Sunday, December 18, 2011

Shooting Fish In A Barrel -- I Fire Trade!

You haven't seen much of me here in the last couple days. It's been a tough stretch. But I'm starting to catch my breath, after being confronted so harshly by Trade Smith, up till now the only remaining member of my blog's Board of Editors on the 2nd tier.

It was no doubt a mistake to put two siblings together on the 2nd tier, since when one decided to be treacherous (Mark) it would be only a matter of time before his brother joined him in perfidy. The fact is that the very same "insult," as Trade took it to be was also directed at Dale, my remaining male board member, and Dale didn't seem to mind. But of course Dale is a funnier guy, not that serious, so maybe he didn't give it as much thought as Trade. Trade obviously stewed over it, his resentment built, the whole thing festered over, then he reached his boiling point and it erupted.

The insult, such as it was, and I actually didn't mean it in an insulting way, was in this paragraph from my post on "Jimmy's 18th Birthday at the Library."
I and the Board were well-dressed too, neither standing out as being over- or under-dressed. I was happy with my own choices. I had a full array of clothes to choose from, having done the laundry the previous day. Dale and Trade weren't wearing anything particularly memorable. But Delilah looked very sweet in a light blue, checkered dress, much like you might see in the cafe of a comfortable Alpine chalet.
I thought it'd be nice to take a few minutes and tell what all the principals in the whole drama were wearing. I went over Jimmy's attire, his mom's, his dad's, the library directors, mine, Dale and Trade's, and Delilah's. But the fact that I meticulously listed everyone's clothing, then said, "Dale and Trade weren't wearing anything particularly memorable," rubbed Trade the wrong way. Plus, if I could just add a bit of conjecture, I wouldn't doubt it if his brother Mark had egged him on in private. Like a devil whispering in his ear.

Anyway, he confronted me in the garage, where we work on the blog, and threw the now-infamous line in my face a dozen times in the course of his tirade. As he ranted on, I noticed he was wearing a seasonal long sleeve shirt, blue, button-down, attractive and neatly pressed black slacks, nicely polished dress shoes, and a Happy Wanderer type of green felt hat with a red feather, clearly an allusion to my description of Delilah's dress as something from an Alpine chalet.

"Couldn't remember it, huh!?" he charged, getting himself worked up royally, his felt hat going askew. "Nothing memorable about my clothes, huh!?" He complained that he'd put in his best efforts for the blog, helping to guide the direction of it, etc., and that it shouldn't be too much for him to get equal attention with Delilah or even me in the descriptions of our work together. I probably shouldn't have mocked him, but I couldn't help myself, flapping my hand up and down like someone talking who won't stop.
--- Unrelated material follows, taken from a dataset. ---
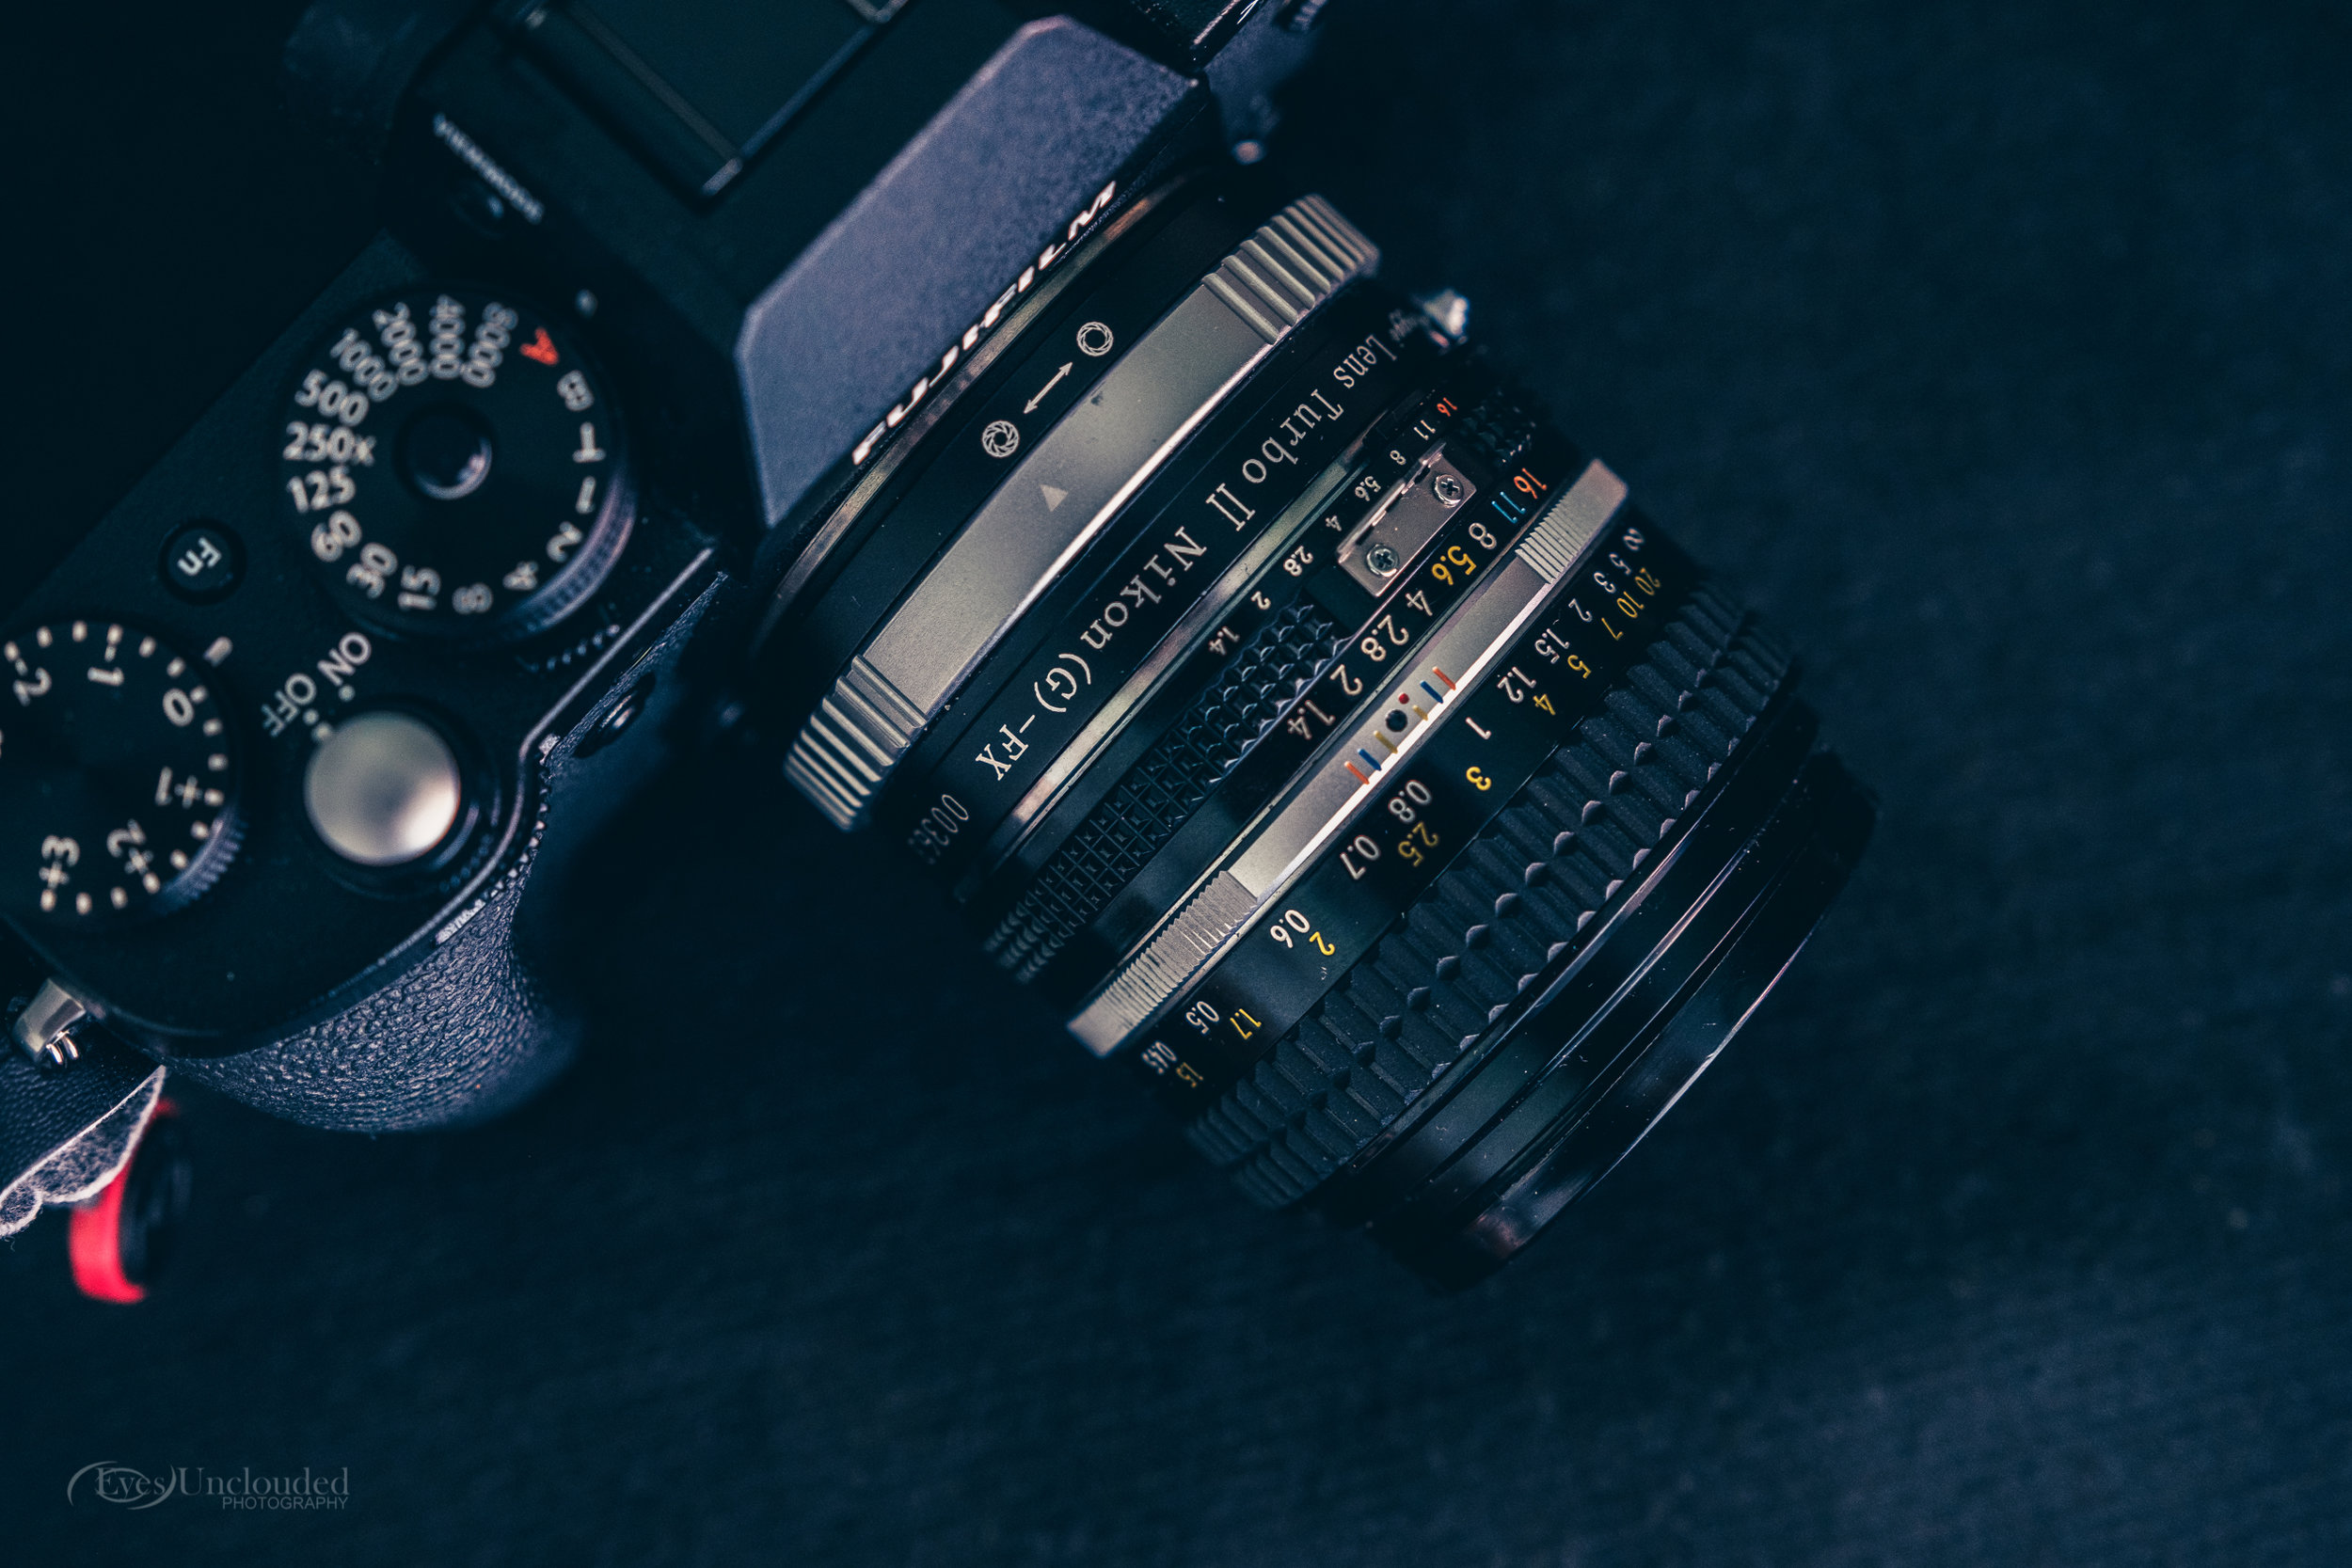 DFXP1155.jpg
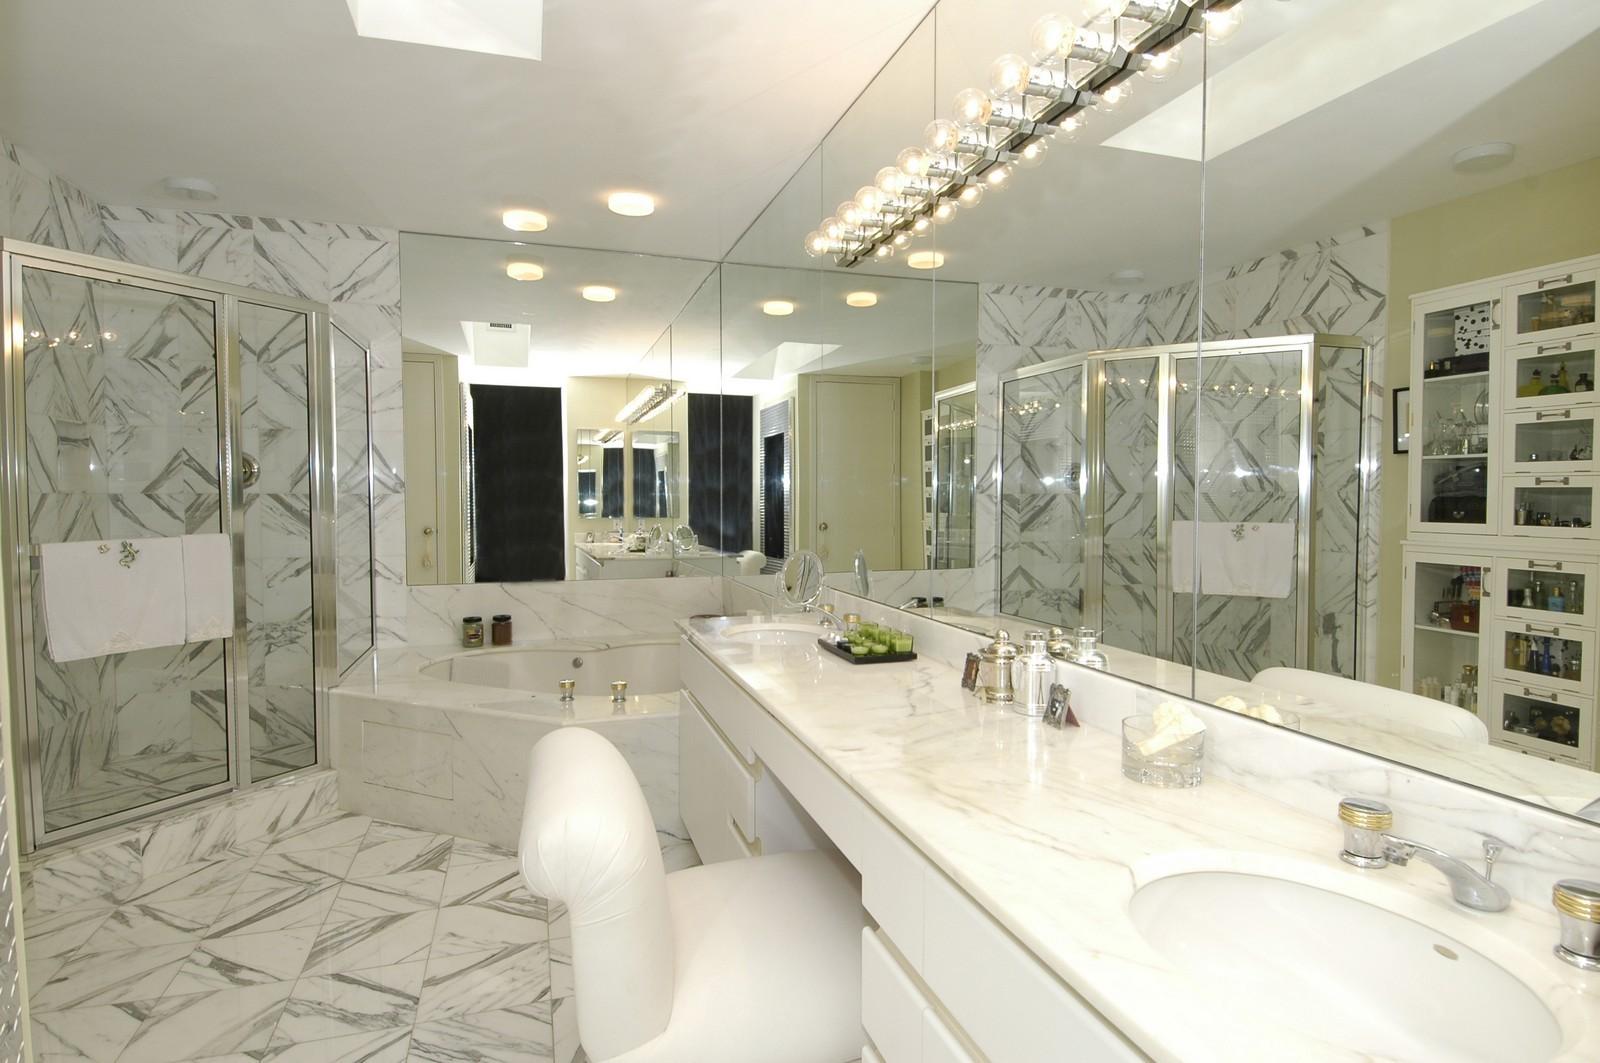 Real Estate Photography - 3685 NE 195 Ter, Aventura, FL, 33180 - Master Bathroom

He started backing me up with his raving. Then I thought of the old truism about bullies: You have to stand up to a bully! I walked back toward him, throwing out some mean bluster of my own, coming to the conclusion that to have mentioned what he was wearing, even had I remembered, would be, 1) A waste of bandwidth, which I will not do under any circumstances; and, 2) To give him more than his due, because, I said, quite frankly I could care less had he been wearing a wooden barrel with two straps!

It was like I'd stabbed him. Apparently he looked up to me more than I thought. My opinion meant something to him, even with everything that had gone down with Mark. But instead of backing up, I doubled down, saying how great it'd be to put him in a barrel with a school of fish, and for me to have a gun and to try shooting them, with him doing his best to dodge the bullets! Which wouldn't be that hard. It's not like he'd be blindfolded!

He suddenly got all calm, knowing it was over, and smarted off at me, anticipating the charge of him wanting to have sex with Delilah that I'd thrown in Frank and Mark's face, saying sarcastically, "I suppose you'll say I'm imagining having sex with Delilah on your kitchen table, with all the trimmings." I felt a slow boil rising up from my core. I glared at him, my face feeling flushed, the heat now rising and descending between my neck and the top of my head, and shouted something like, "You have condemned yourself with your own words!" I dashed to the garage wall and yanked off the garden shears, saying, "You want the trimmings!? If there's any trimming to be done!..." I left the rest of the threat implied. As he hurried out the door, I shouted, "You are fired!"

The Board of Editors has obviously taken a massive hit. What started off so good has turned very sour. Now with Trade, the two 2nd tier is wiped out. That means we either skip having a 2nd tier all together, or the 3rd tier might become the 2nd. But I hate giving wholesale promotions, so I think we'll just leave it blank. It might make more logical sense to just say we have two tiers, the 1st and 3rd, like the Traveling Wilburys did with their albums.

I haven't told Dale and Delilah any of this yet, although maybe the Smith boys have filled them in. I'm just hoping they're not automatically against me when we meet again, especially Delilah.